# @package __global__
defaults:
  - _self_

lm_model: transformer_hier_lm_tts

codebooks_pattern_long:
  modeling: delay
  delay:
    flatten_first: 0
    empty_initial: 0

transformer_lm_hier_long:
  dim: 512
  num_heads: 8
  num_layers: 8
  hidden_scale: 4
  n_q: 8
  card: 1024
  dropout: 0.
  emb_lr: null
  activation: gelu
  norm_first: false        # use pre-norm instead of post-norm
  bias_ff: true            # use bias for the feedforward
  bias_attn: true          # use bias for the attention
  bias_proj: true          # use bias for the output projections
  past_context: null
  causal: true
  custom: false                 # use custom MHA implementation
  memory_efficient: false       # use flash attention
  attention_as_float32: false   # use float32 for the attention part,
                                # recommended at the moment when memory_efficient is True.
  layer_scale: null
  positional_embedding: sin     # positional embedding strategy (sin, rope, or sin_rope).
  xpos: false                   # apply xpos decay (rope only).
  sep_pos: true                # separate positional embeddings for text and audio.
  checkpointing: none      # layer checkpointing method, can be none, torch, xformers_default.

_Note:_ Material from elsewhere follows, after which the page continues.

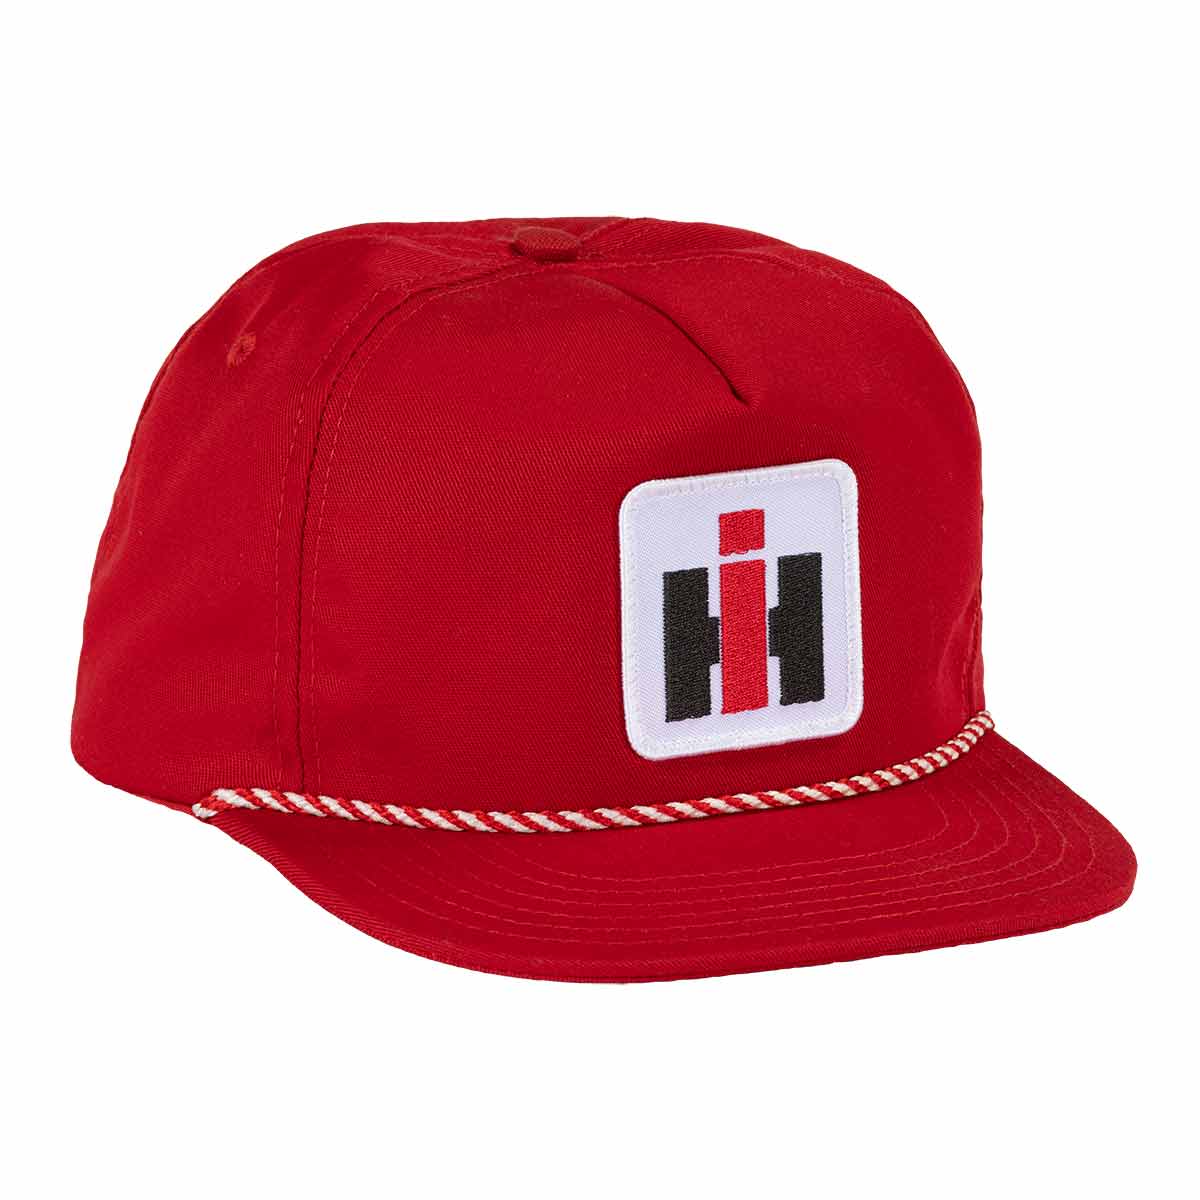 international harvester red dealer rope hat made in usa

                           # torch is the slowest but uses the least memory,
                           # xformers_default is somewhere in between.

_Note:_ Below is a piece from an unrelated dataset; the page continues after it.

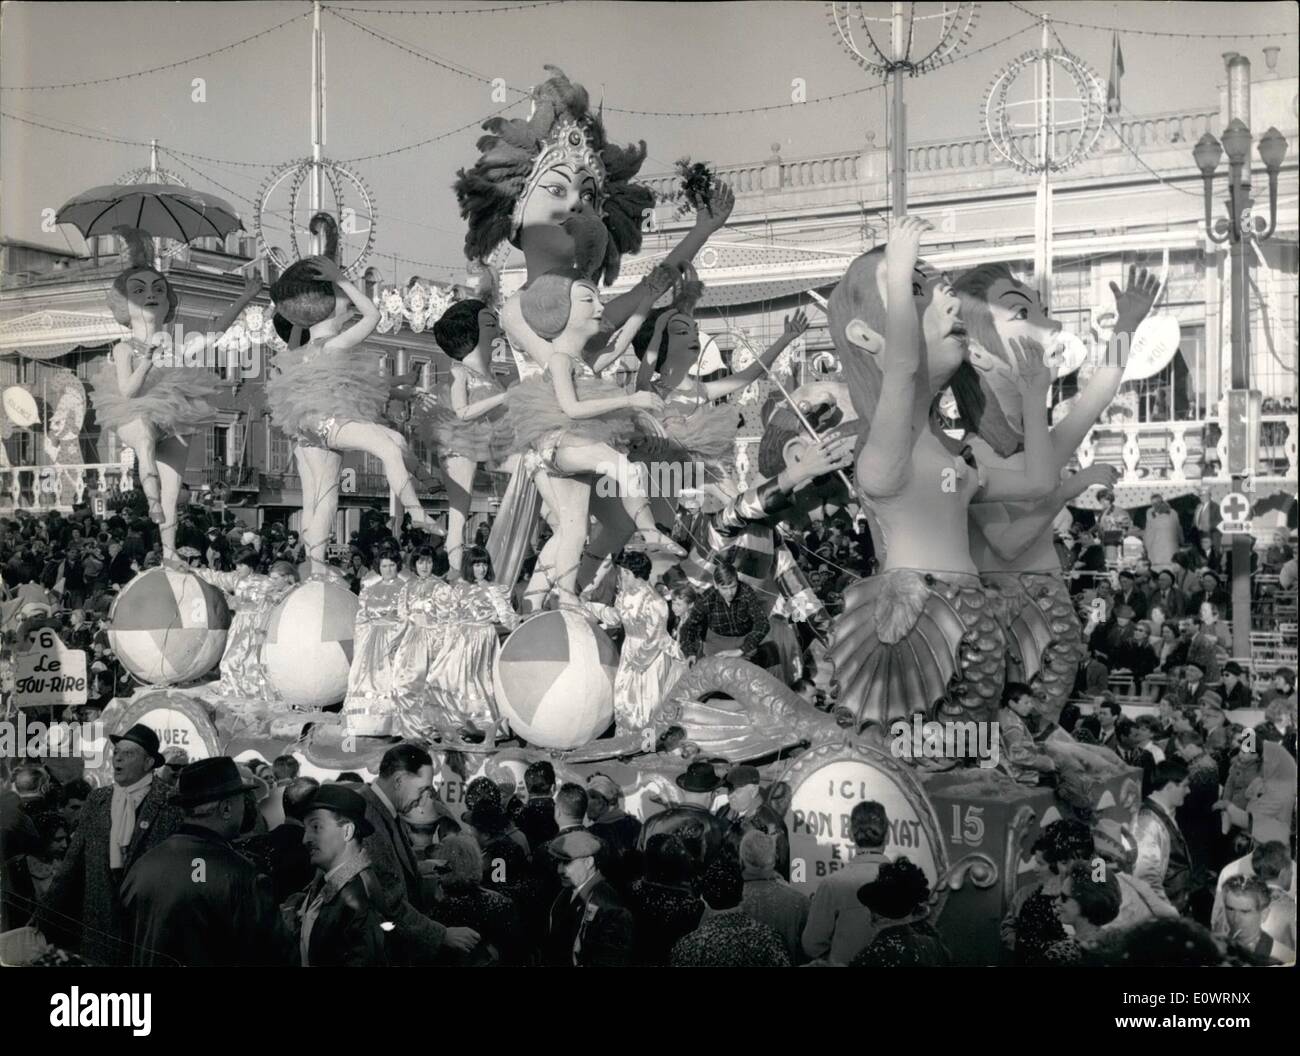 02 février 1964 - Le Carnaval de Nice est sur : 140 000 personnes étaient dans les rues de Nice pour assister à la cérémonie marquant l'entrée Banque D'Images

  weight_init: null     # weight initialization (null, gaussian or uniform)
  depthwise_init: null  # perform depthwise initialization (null, current, global)
  zero_bias_init: false # initialize bias to zero if bias in linears and
                        # if a weight_init method is used.
  norm: layer_norm             # normalization method to use in transformer.
  cross_attention: false
  qk_layer_norm: false
  qk_layer_norm_cross: false
  attention_dropout: null
  kv_repeat: 1